“Yeah, all I remember is that when you’re younger time passes slower and then when you get older time passes really fast.”
I looked at her and managed to get out a not completely pitying smile. I don’t think I’m better than her, I’m just sad that my friend’s mom said those words with masked unhappiness. And very much deeper, un-maskable regret.
My first thought was I need to not turn into the many parents I’ve seen say those words in that way.
“Wow, is it April already? Time sure flies!”
“Hmm… No, I can’t really recall anything from the past three weeks. Just kind of a blur I guess.”
“Thank God it’s Friday, boy this week went fast!”
No. Stop. It’s not funny. This is your life. If you can’t remember the past three weeks then you’re doing life wrong. You cannot be a weekend warrior when the weekend is only two days out of seven.
Stop watching television when you get home from work, school, or whatever other obligation you have. Go to the park and walk. Go to a beach and just watch the sunset, thinking, and having your phone not even on silent. Turn that fucker off.

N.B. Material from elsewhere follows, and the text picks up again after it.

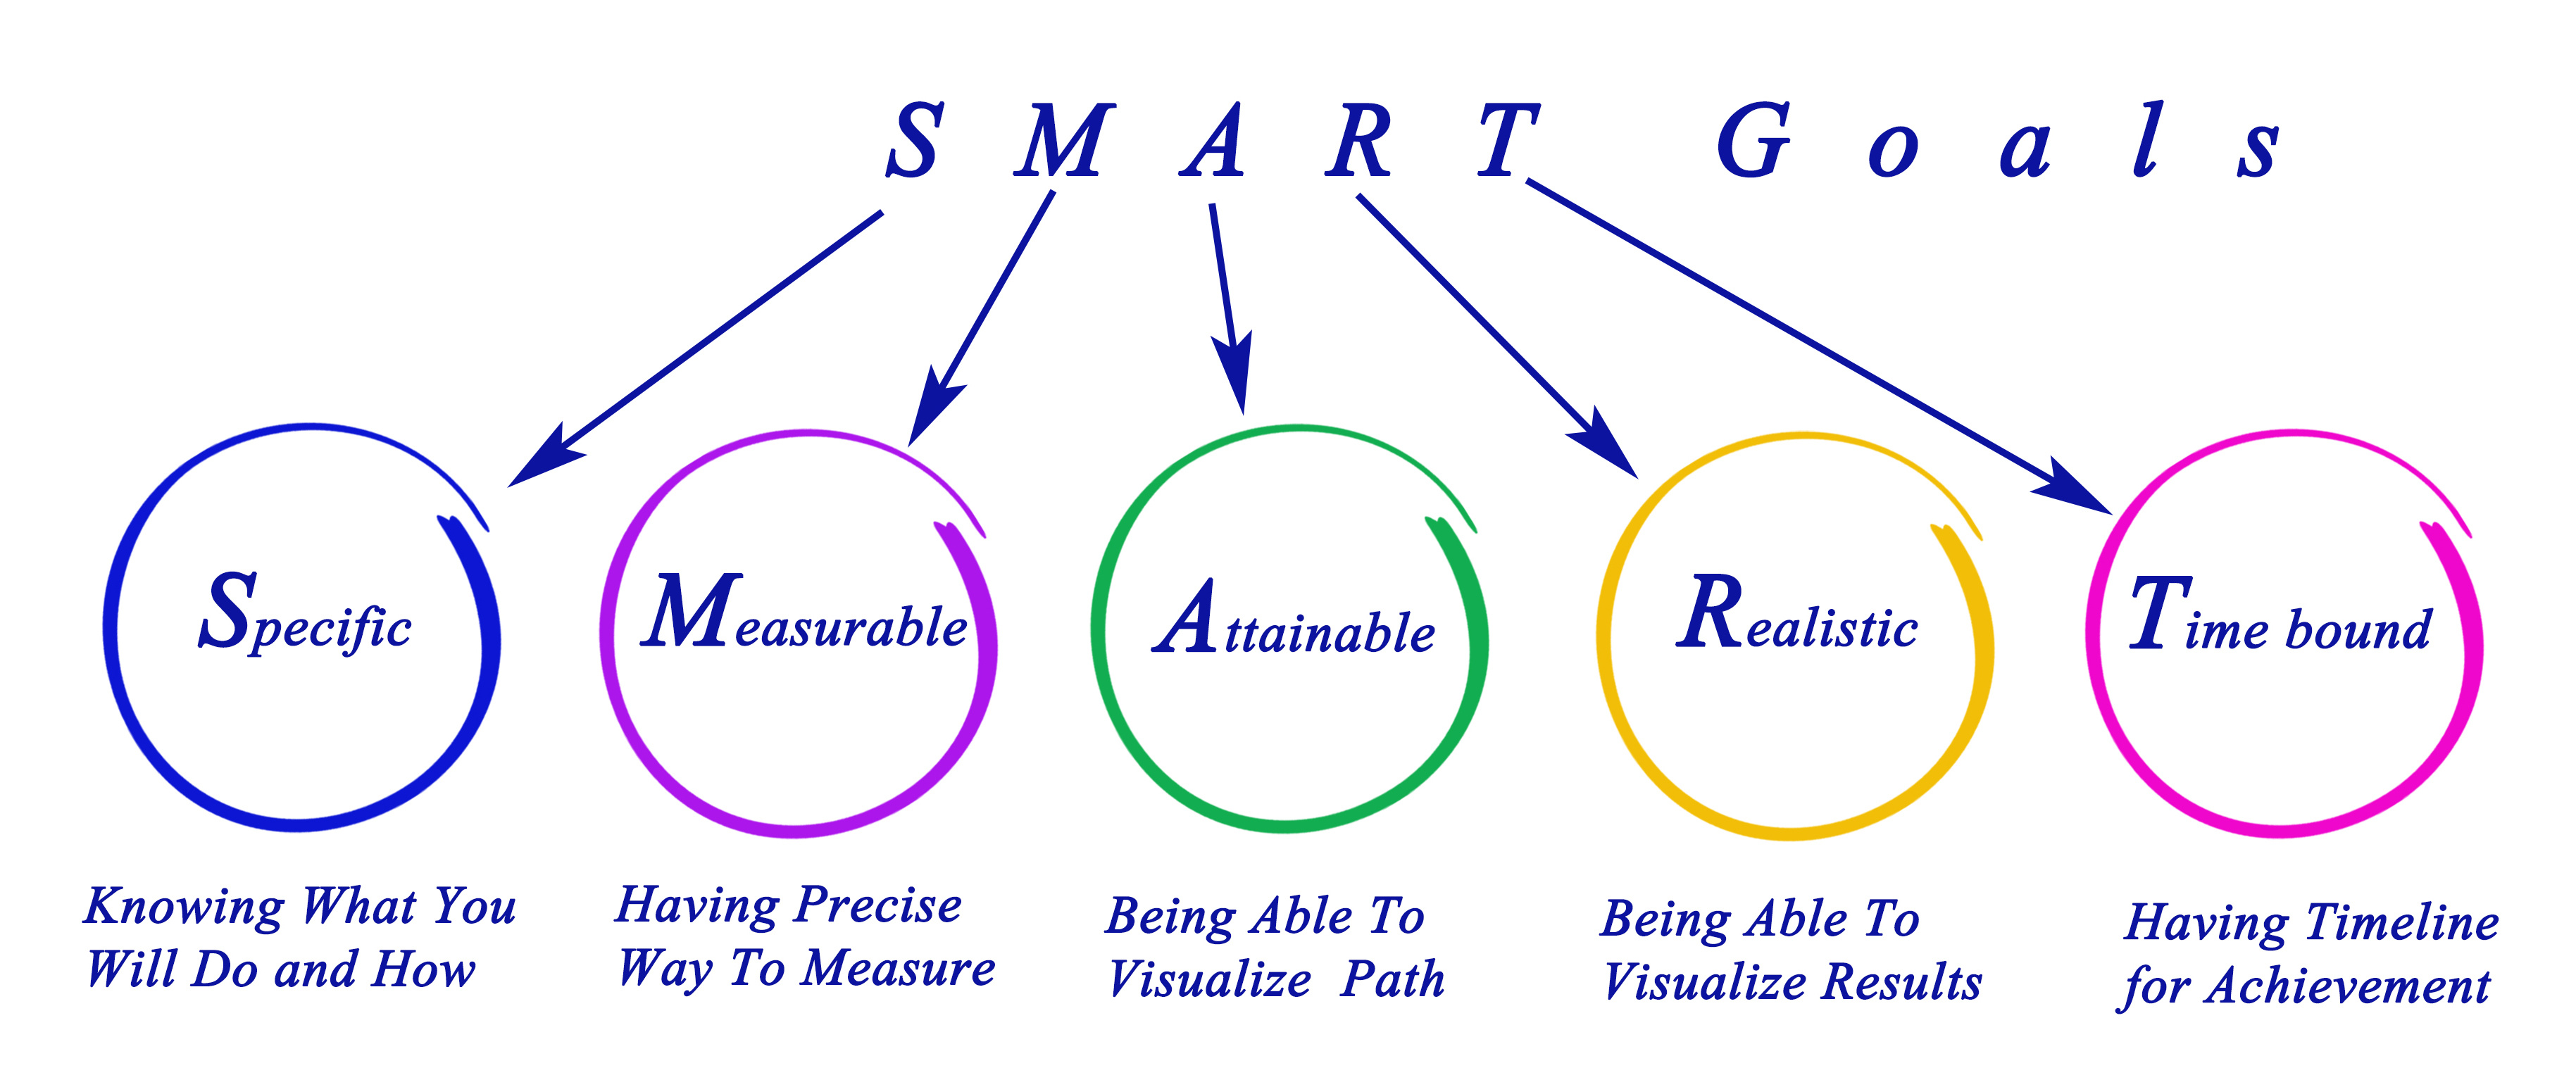 SMART Goals Meaning

Pick up a pencil and sketch horribly. Go to your laptop and type your thoughts cringingly.
Do something that makes you feel anything. Because even if you’re cringing at something you’ve written, at least you’ll remember that moment three weeks later because of how visceral it is.
Go for a kiss and get rejected.
Go to a beach/park/mountain/city/harbor and turn off your phone. Then just… Watch. Think. Be with yourself.
Remember your life. Do not let it sift through your fingers. Remember your life and do things that matter so that you don’t look back on the past three weeks with regret because you don’t remember a thing.